Pan, who now works for the fertilizer plant in the former military base, said neither of his sons went to college. He is now hoping his grandchildren will be able to escape the town, which has a population of about 31,000.
Beijing-born Shen Guoliang, 51, whose parents were both nuclear scientists at the base and witnessed the first atomic bomb test in the desert of Gansu province in 1964, has lived in Baitao since he was 9 years old and says he is ready to leave.
"Nobody wants to stay in a poor area but how can we go back (to the capital)?" he said. "Our hukou and apartment are here."
Others, like Chen Bingzhang, say they made even greater sacrifices for their country.

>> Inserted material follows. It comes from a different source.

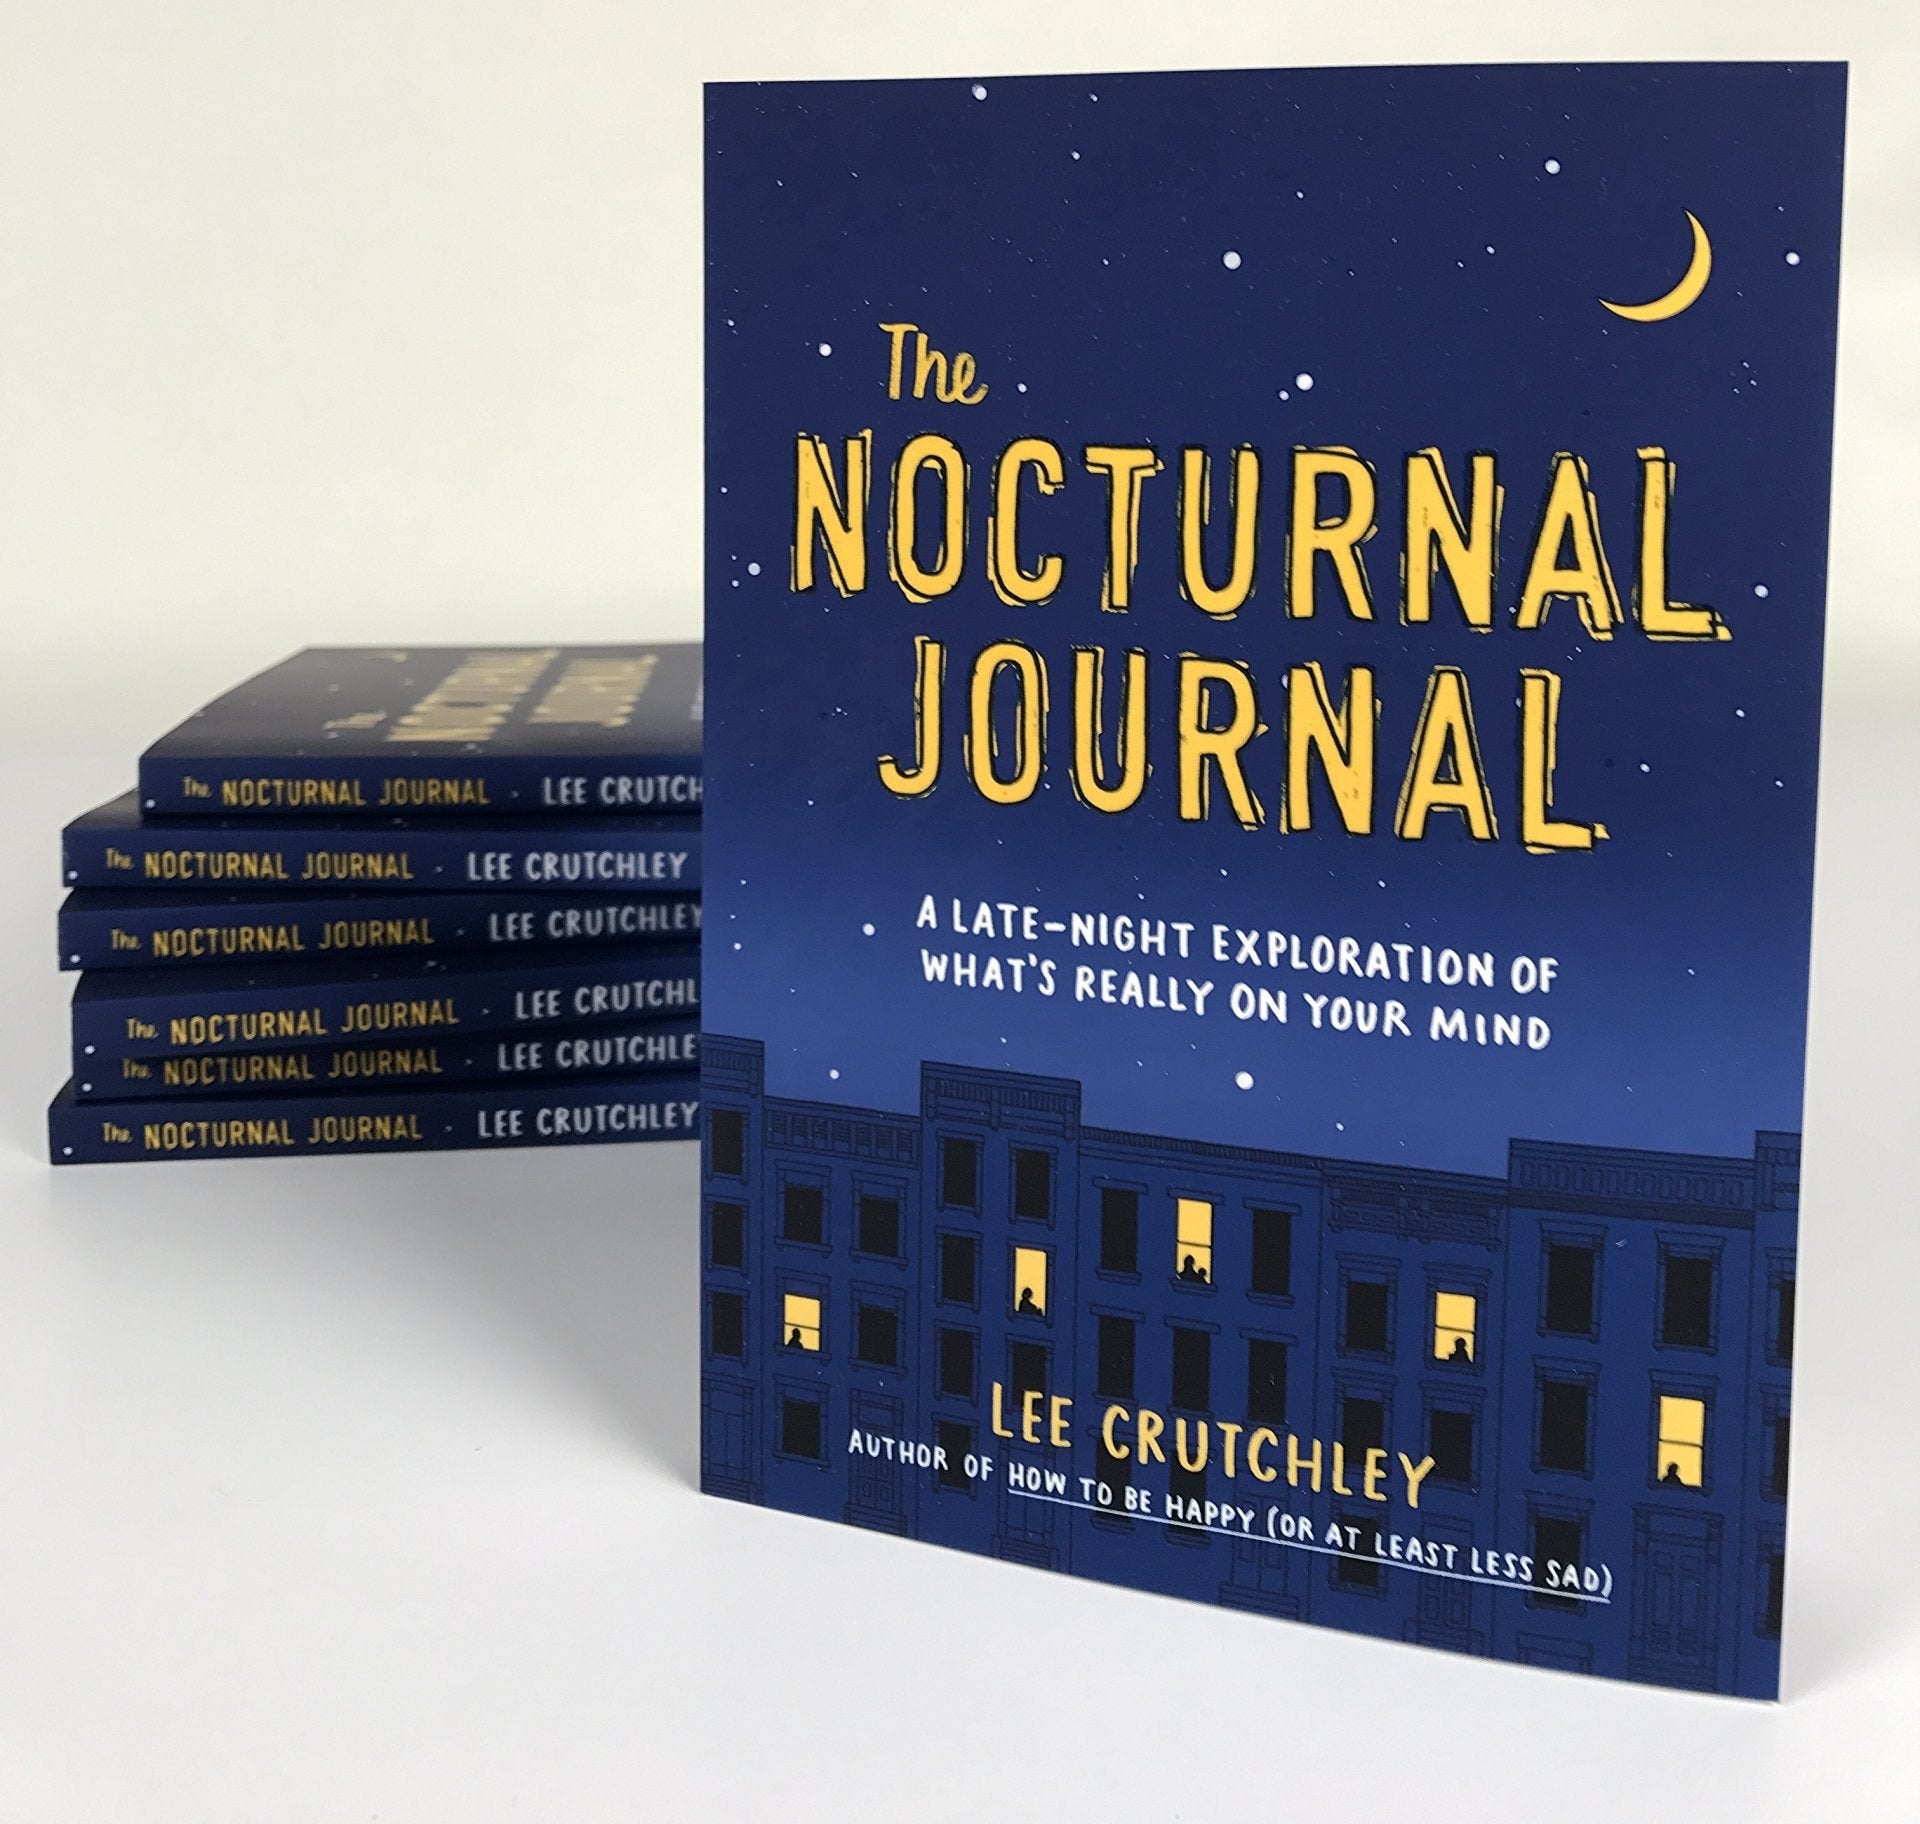 A book called the Nocturnal Journal by Lee Crutchley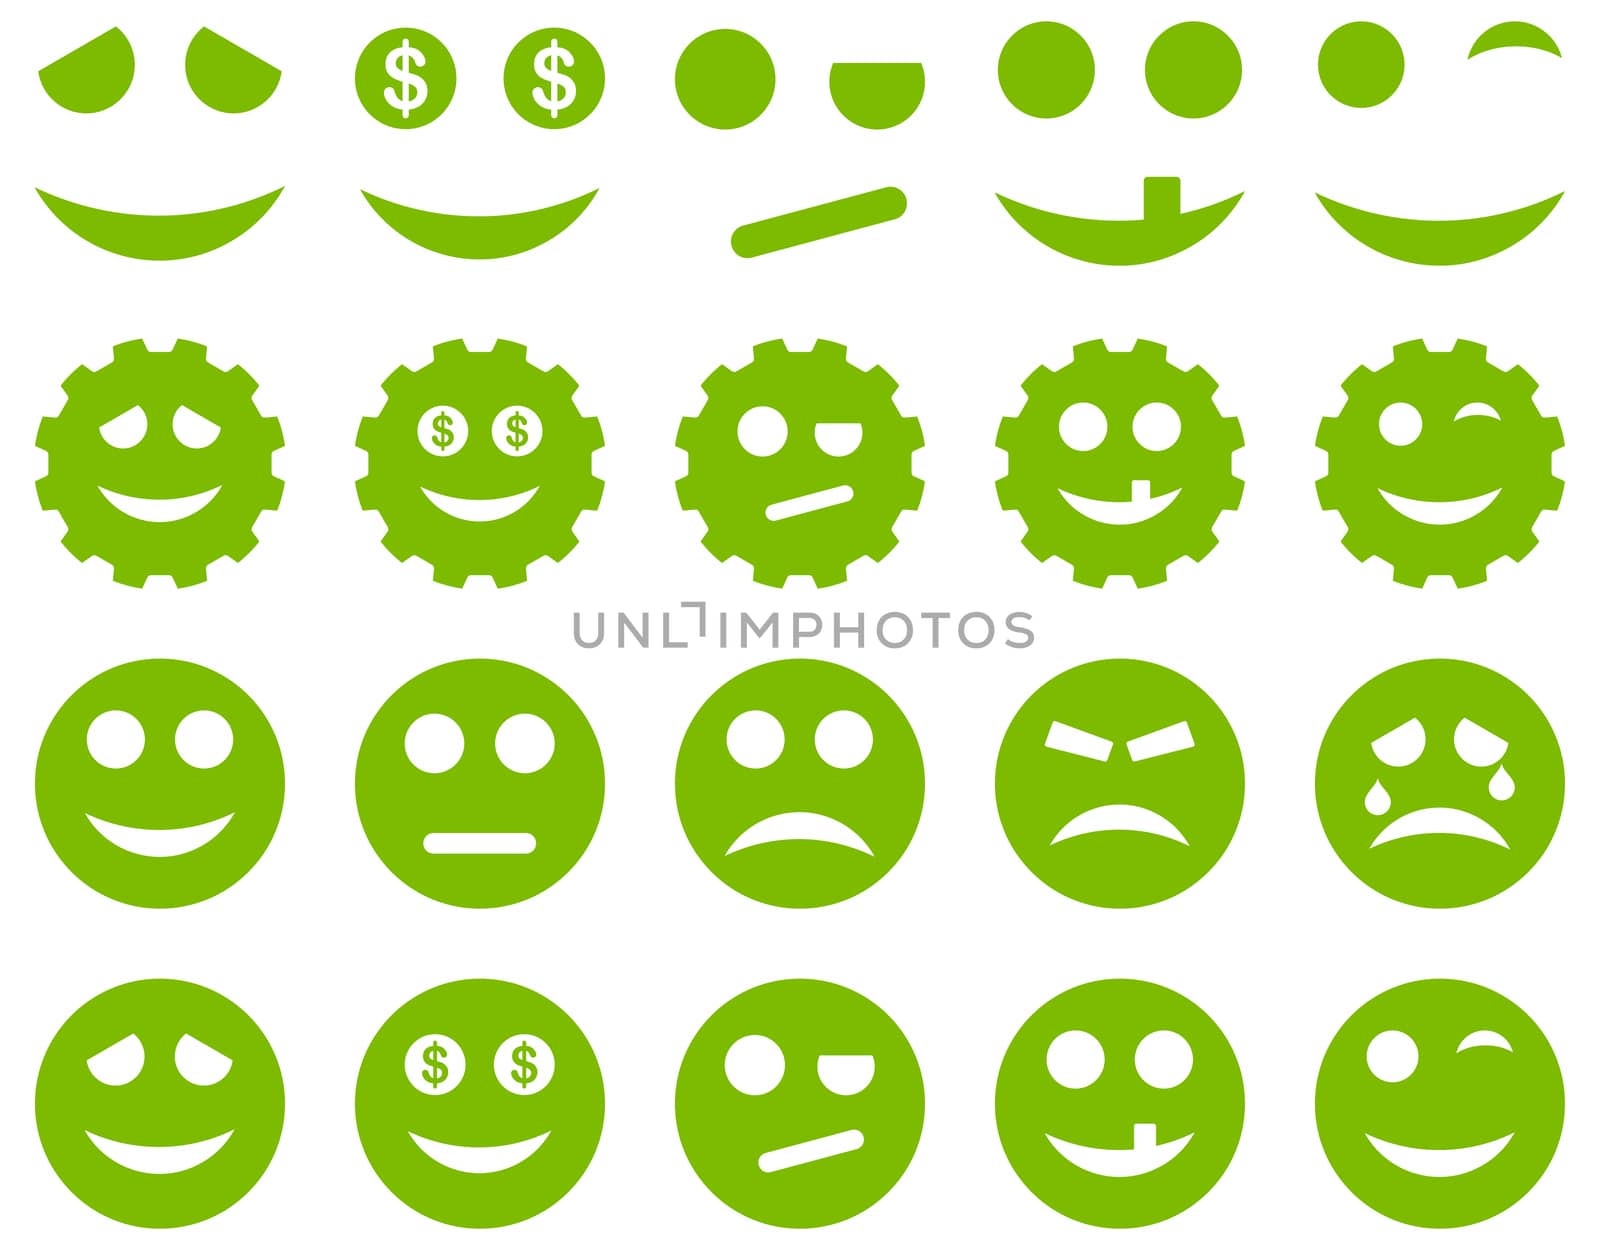 Tools, gears, smiles, emoticons icons by ahasoft

Before arriving in Baitao, the nuclear technician was assigned to Gansu, where he and 30 colleagues were exposed to dangerous levels of radiation after an accident in 1969. Seven people died, and although Chen Bingzhang survived, his son was born blind.
"My superior came to shake our hands and called us heroes of China's nuclear industry," he said proudly, wearing his traditional blue Mao-style suit. "He said the Party and the people would never forget us."
Chen Bingzhang and his family now live on his pension of just 1,000 yuan a month.
"I only hope the Party and the people will never forget us, like I was told," the retired technician added.